Members of GW’s Neighbors Project joined other AmeriCorps volunteers from District organizations to make the Martin Luther King Jr. holiday a day on, not a day off.

Fourteen GW volunteers helped dust, garden, paint and replace light bulbs in the Martin Luther King Jr. Library at Ninth and G streets. The day of service was part of a national AmeriCorps initiative to celebrate the holiday in a manner King would appreciate, said Suzanne Hechner, an organizer of the event.

If you want to honor (Martin Luther King Jr.’s) day, you don’t make his day a day of television and shopping and lying around, former Sen. Harris Wofford (D-Pa.) said in remarks to the group of volunteers.

Secretary of Education Richard Riley discussed the success of AmeriCorps, a volunteer organization created five years ago by President Bill Clinton. He said the strength of D.C.’s volunteer circuit is evidence Clinton is very serious about his commitment.

It’s great to see these young people are turning celebration into service, Riley said.

AmeriCorps volunteers nationwide spent the holiday serving communities in a similar manner. Hechner said the District volunteer organizations chose the MLK Library as the volunteer site because the library was in need of renovation.

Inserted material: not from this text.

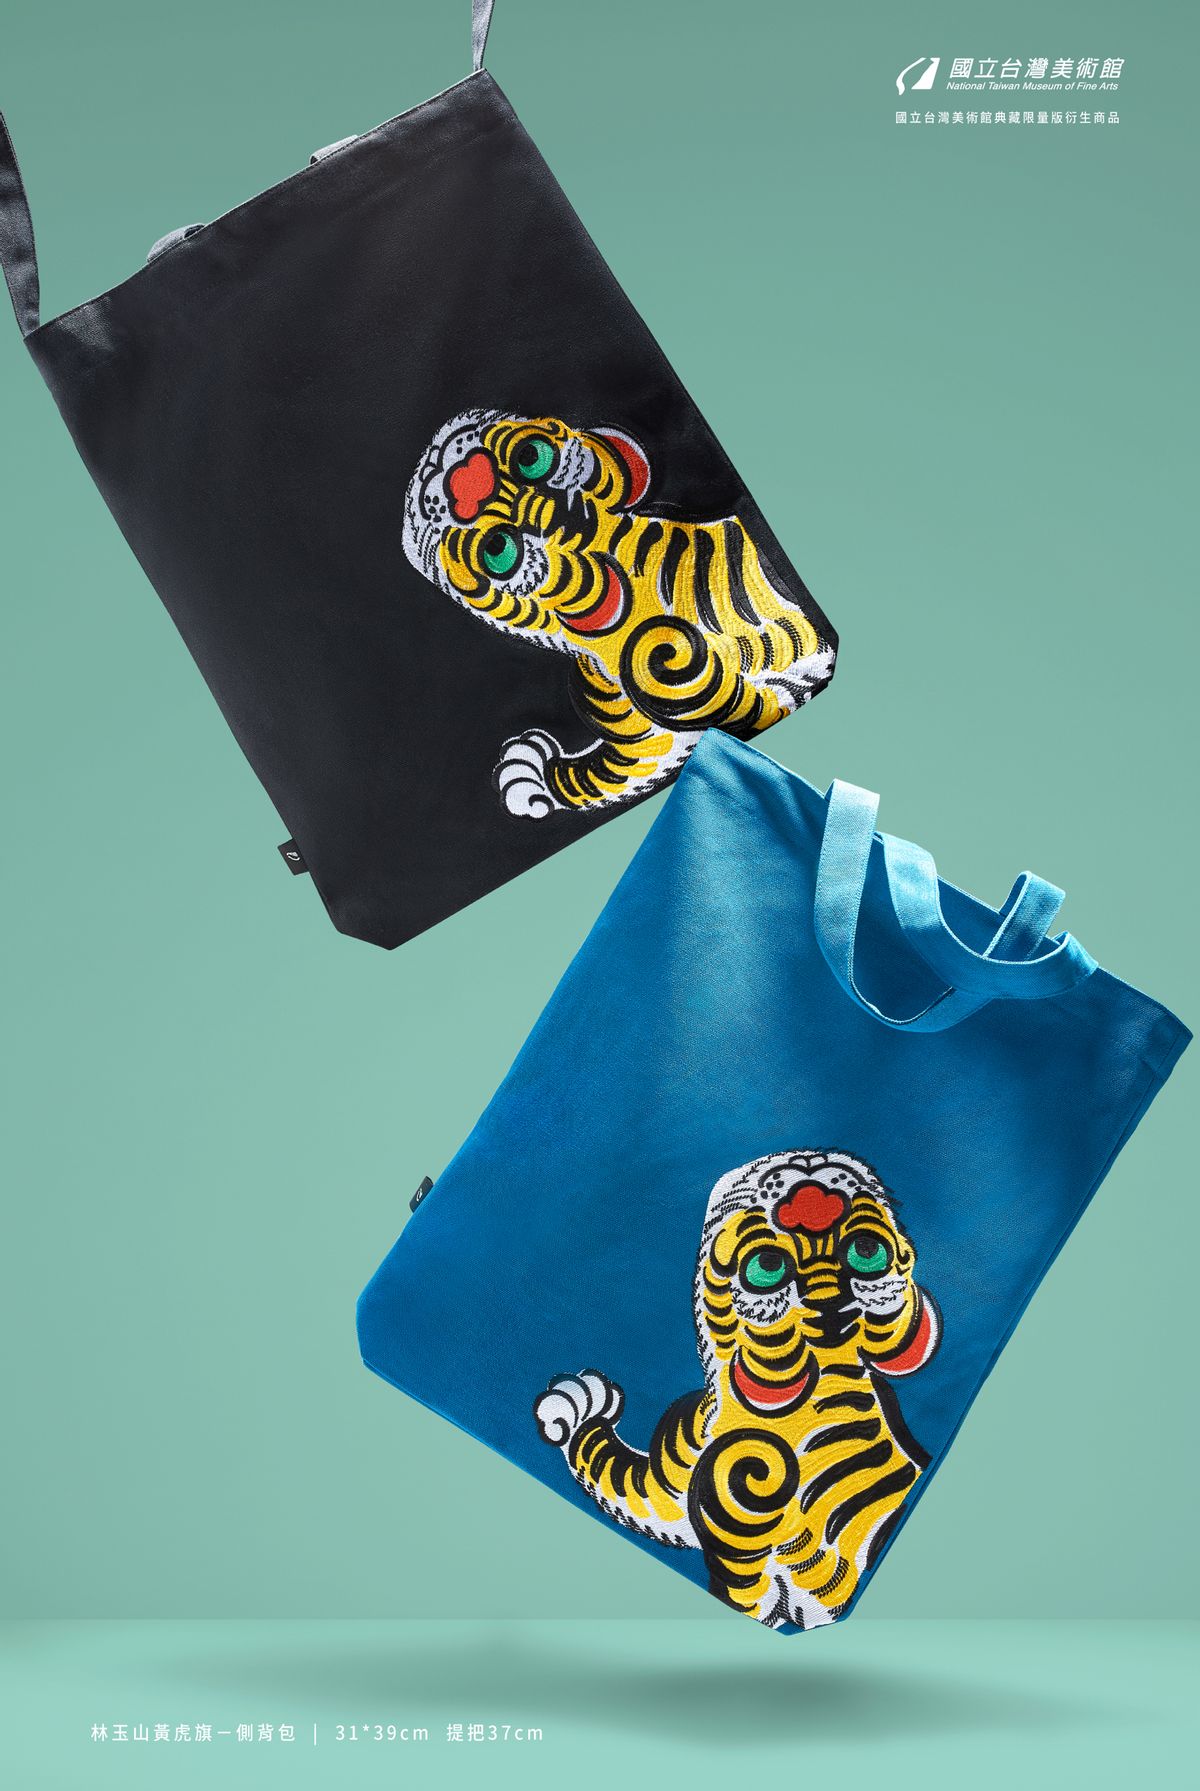 商品:林玉山黃虎旗-側背包的(1)張圖片

With decreased budget allocations from the District during the past few years, the library has not devoted enough money to cleaning the building and making it a welcoming atmosphere for children, Hechner said.

If you walk around on a daily basis, you’ll notice it is really grimy, Hechner said. The repairs have fallen behind and the staff hasn’t been able to catch up.

Juniors Shauna Carter and Alyssa Herschberger, who manage a tutoring program together at Scott Montgomery Elementary School, said their experience prepared them for their day of dusting bookshelves in the library.

We work with children, so we clean a lot, Hershberger said.

Other volunteers said the day of service, which was mandatory for AmeriCorps volunteers, gave them a chance to do something different than their normal volunteer work.

Junior Lauren Rose, who volunteers at the Whitman Walker Clinic, said the day spent dusting was a change of pace from her work at the HIV and AIDS clinic.

Another group of GW volunteers spent the morning replacing light bulbs around the building.

Different organizations around D.C. shared responsibilities putting the event together. GW coordinated media relations for the event, said Melinda Pollack, the coordinator of GW’s Neighbors Project.

The AmeriCorps volunteers helped sign up 500 District public school children for library cards. The initiative tied into the national effort to spend the MLK holiday improving communities, Hechner said.

One way to improve D.C. is to improve its resources, and the library is an important resource to the city, Hechner said.